Defendant then got into his truck and after refusing his cousin Mary Whitsett’s request to check on his uncle, defendant drove towards Randleman. He went to Ms. McSwain’s house and the two arranged to purchase a $20 rock of crack cocaine. They smoked the rock and then drank a beer. Later that evening, he turned his pager on and noticed that his nephew “Heavy” had called him. He drove to Heavy’s house and was told that someone had killed his uncle. Defendant cried and then Heavy and his wife drove defendant home. The next day, defendant was contacted by Detectives Byrd and McBride of the Guilford County Sheriff’s Department. Defendant did not confess at that time. On 2 May 1997 defendant spoke again with Detective McBride. Defendant admitted nothing. Defendant was questioned again in August of 1997 and admitted nothing. Defendant was arrested in October of 1997 for failing to appear for driving without a license in Randolph County. Defendant was questioned by Detectives McBride and Byrd about his uncle’s death and at that time admitted his involvement. The officers wrote down what the defendant said, read it back to him and the defendant signed the written statement. Each time the defendant agreed to speak with the police, he voluntarily did so without his lawyer present.

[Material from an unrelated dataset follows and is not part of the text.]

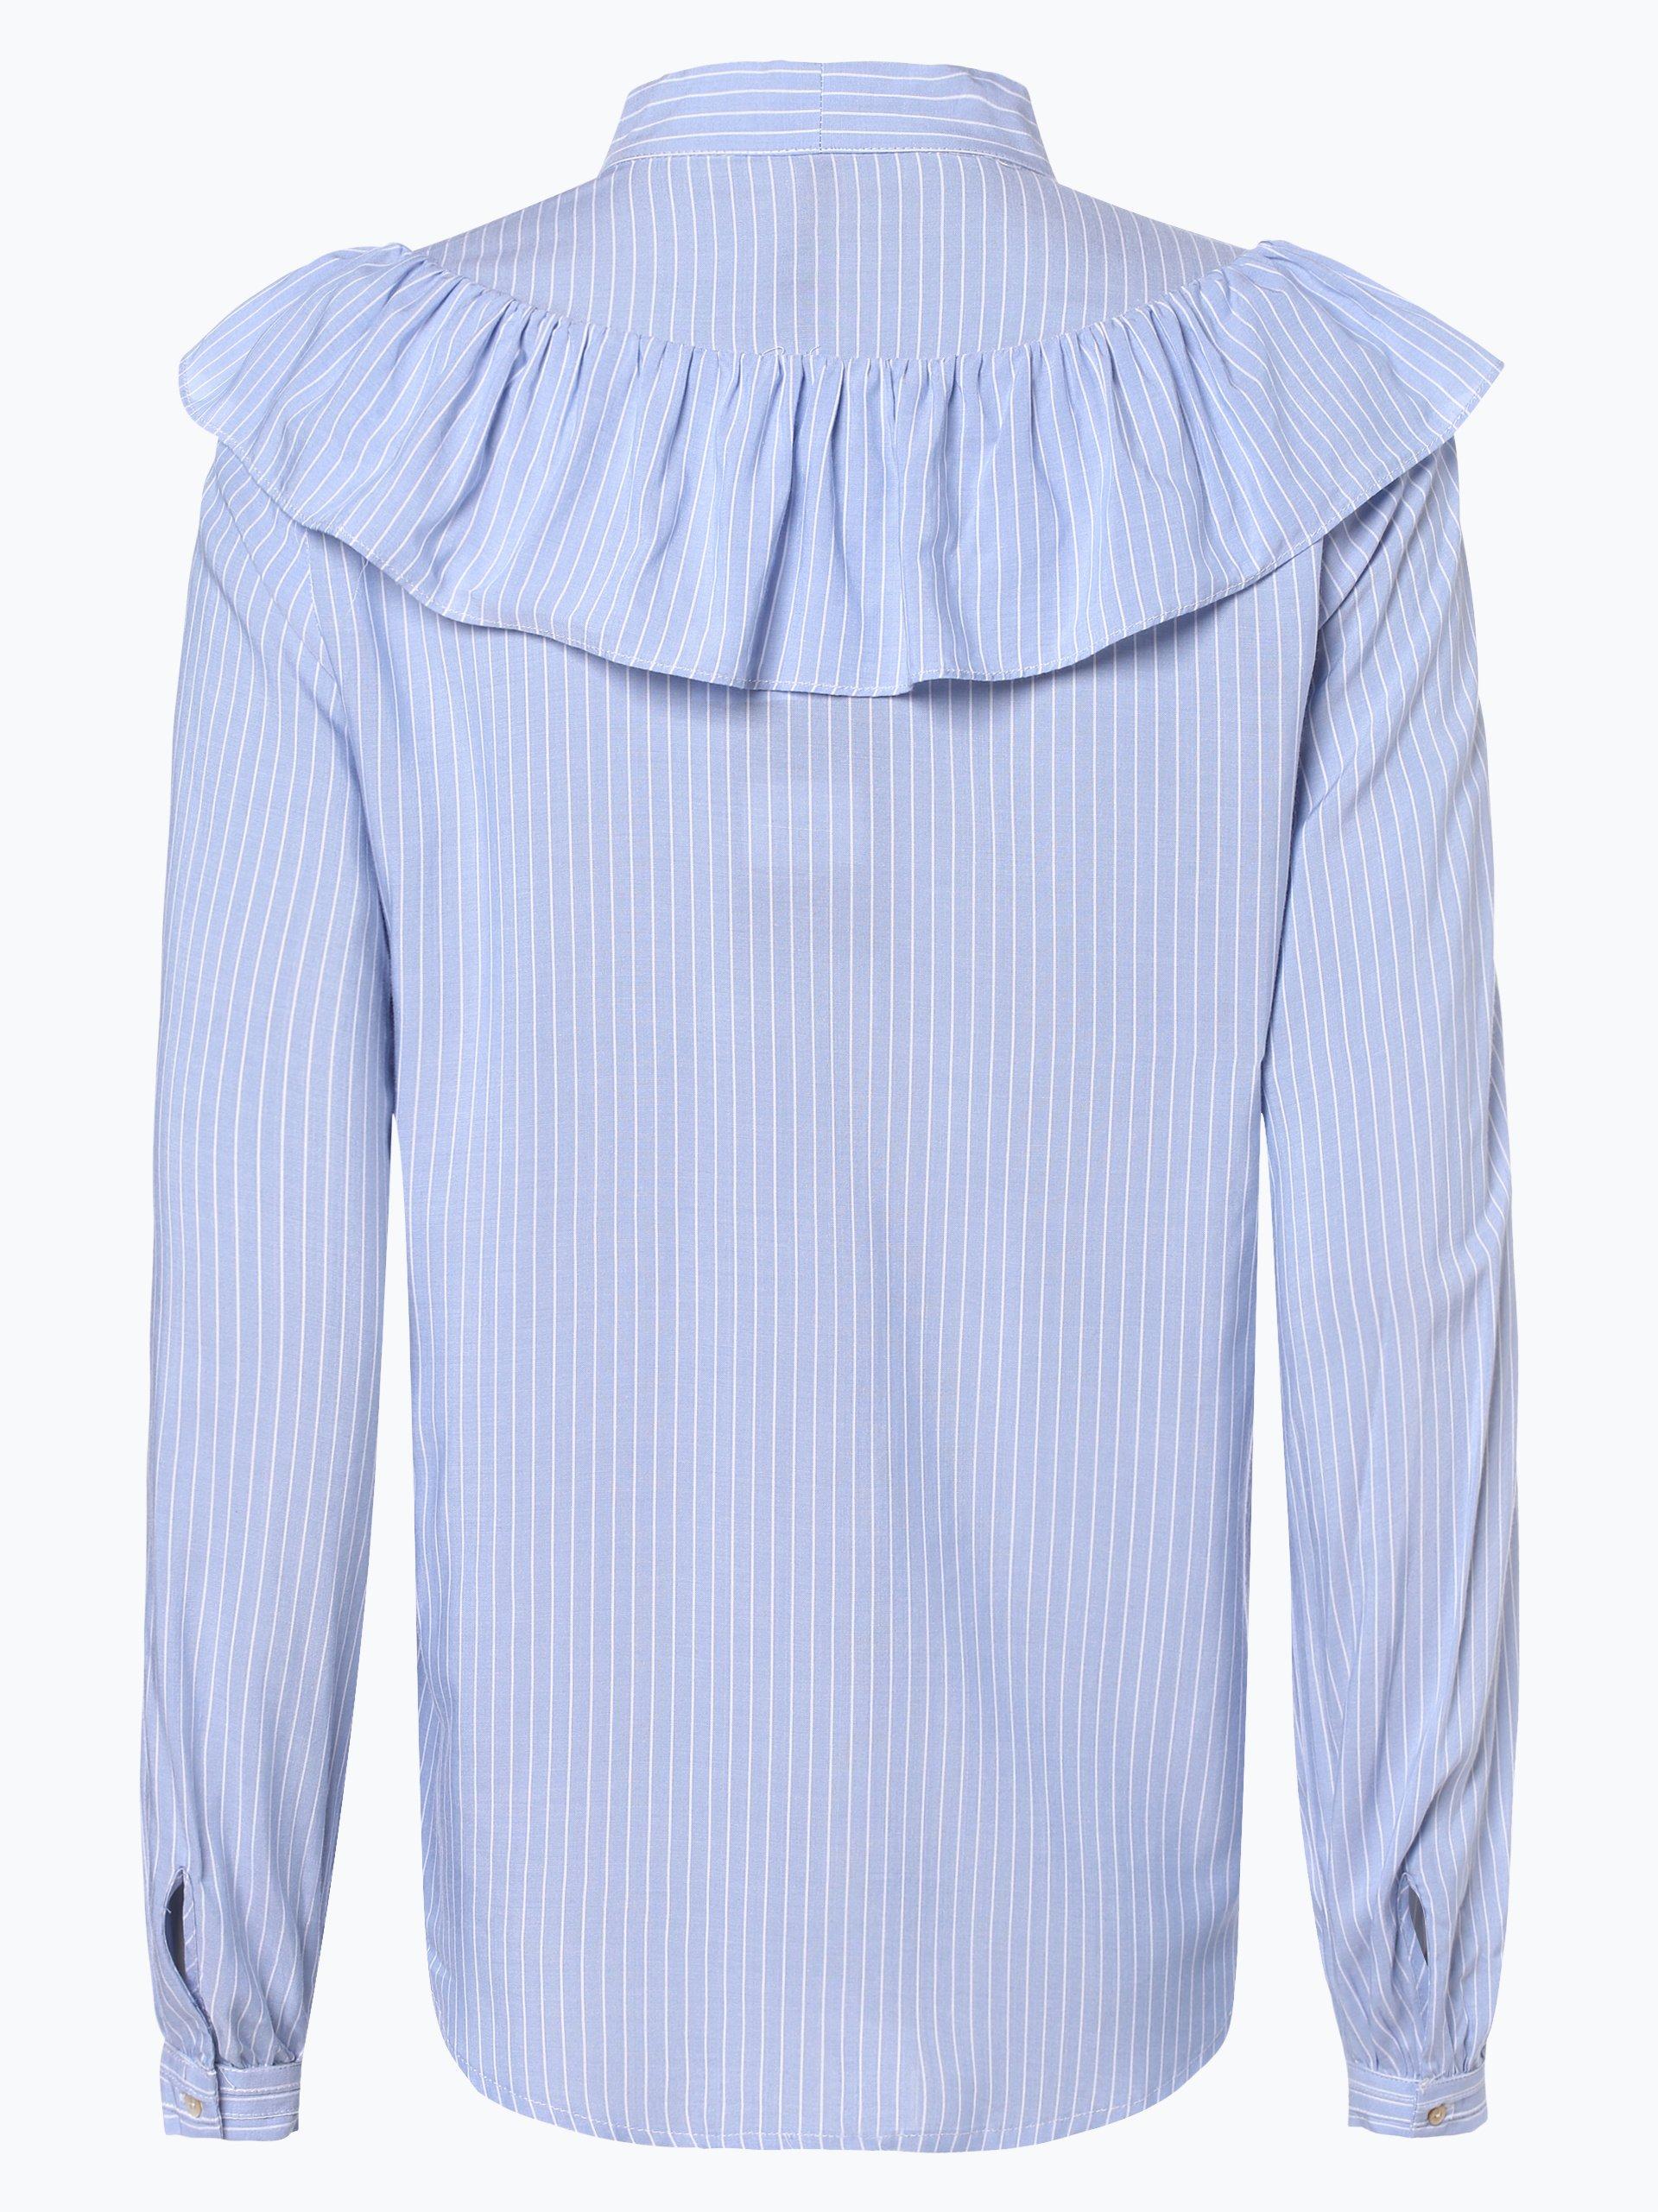 Pepe Jeans Damen Bluse - Ayumi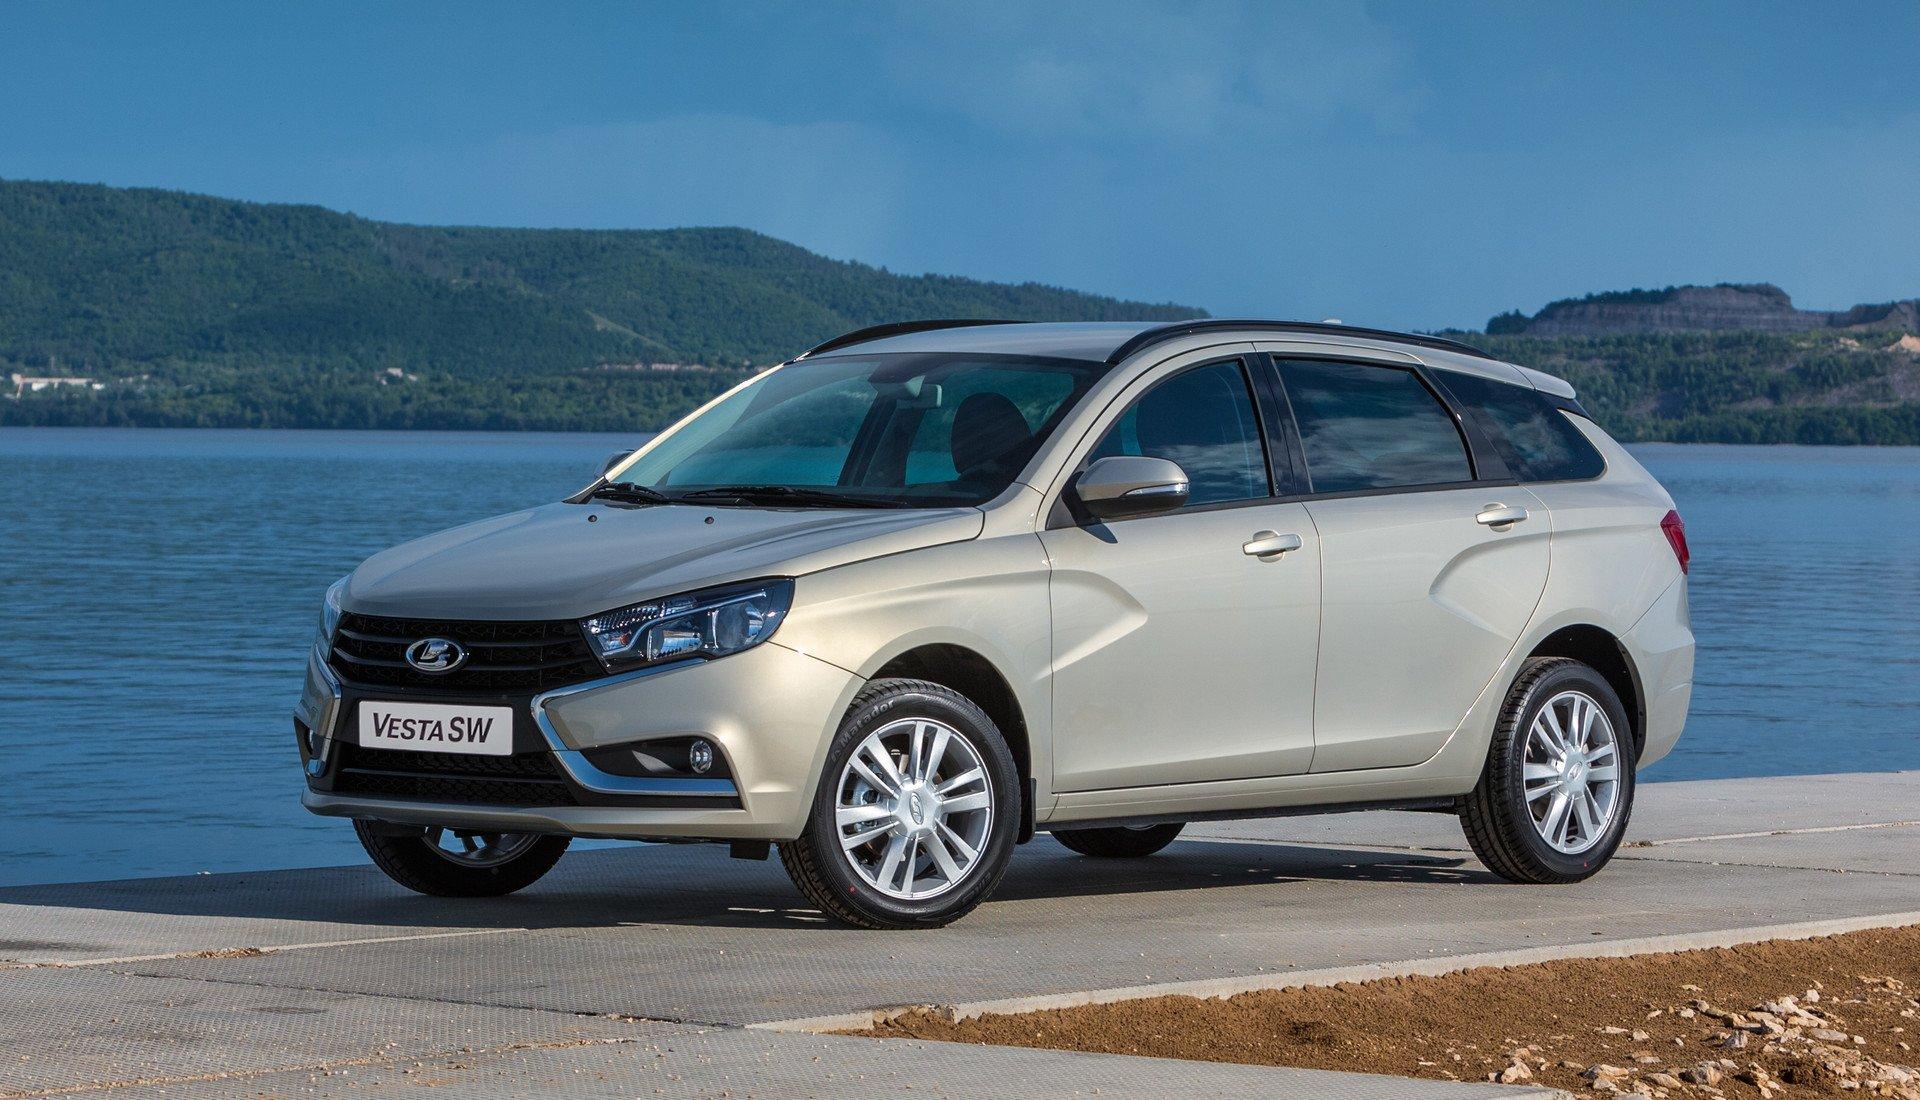 1000 километров без дозаправки: «АвтоВАЗ» покроет спрос на Лада Vesta CNG

During the charge conference defendant requested instructions on voluntary intoxication for the premeditated and deliberated portion of the first-degree murder charge. Defendant also requested a voluntary intoxication instruction for the felony murder portion of the charge. The trial court instructed on voluntary intoxication in the premeditation and deliberation portion but refused to give the instruction with the felony murder portion. The trial court held that as a matter of law the defendant had the specific intent to rob the victim when the defendant took the money. The defendant also requested a second-degree murder instruction based on the diminished capacity of defendant. The trial court refused. Because we believe that the defendant produced enough evidence of his intoxication for a reasonable juror to find that defendant did not have the capacity to form the specific intent to rob the victim, we hold that the trial court should have instructed the jury on voluntary intoxication. *430Because we believe that on this record the defendant produced sufficient evidence for a reasonable juror to find that the defendant did not have the capacity to commit first-degree murder, we hold that the trial court should have instructed on the lesser included offense of second-degree murder. Accordingly we hold that defendant is entitled to a new trial.

I. Voluntary Intoxication

[1] Defendant argues that the voluntary intoxication instruction should have been given as a possible defense to the robbery charges. The common law robbery conviction was used as the underlying felony for the felony murder charge. The voluntary intoxication instruction was given as a possible defense to the premeditation and deliberation charge but not as a possible defense to the robbery charge.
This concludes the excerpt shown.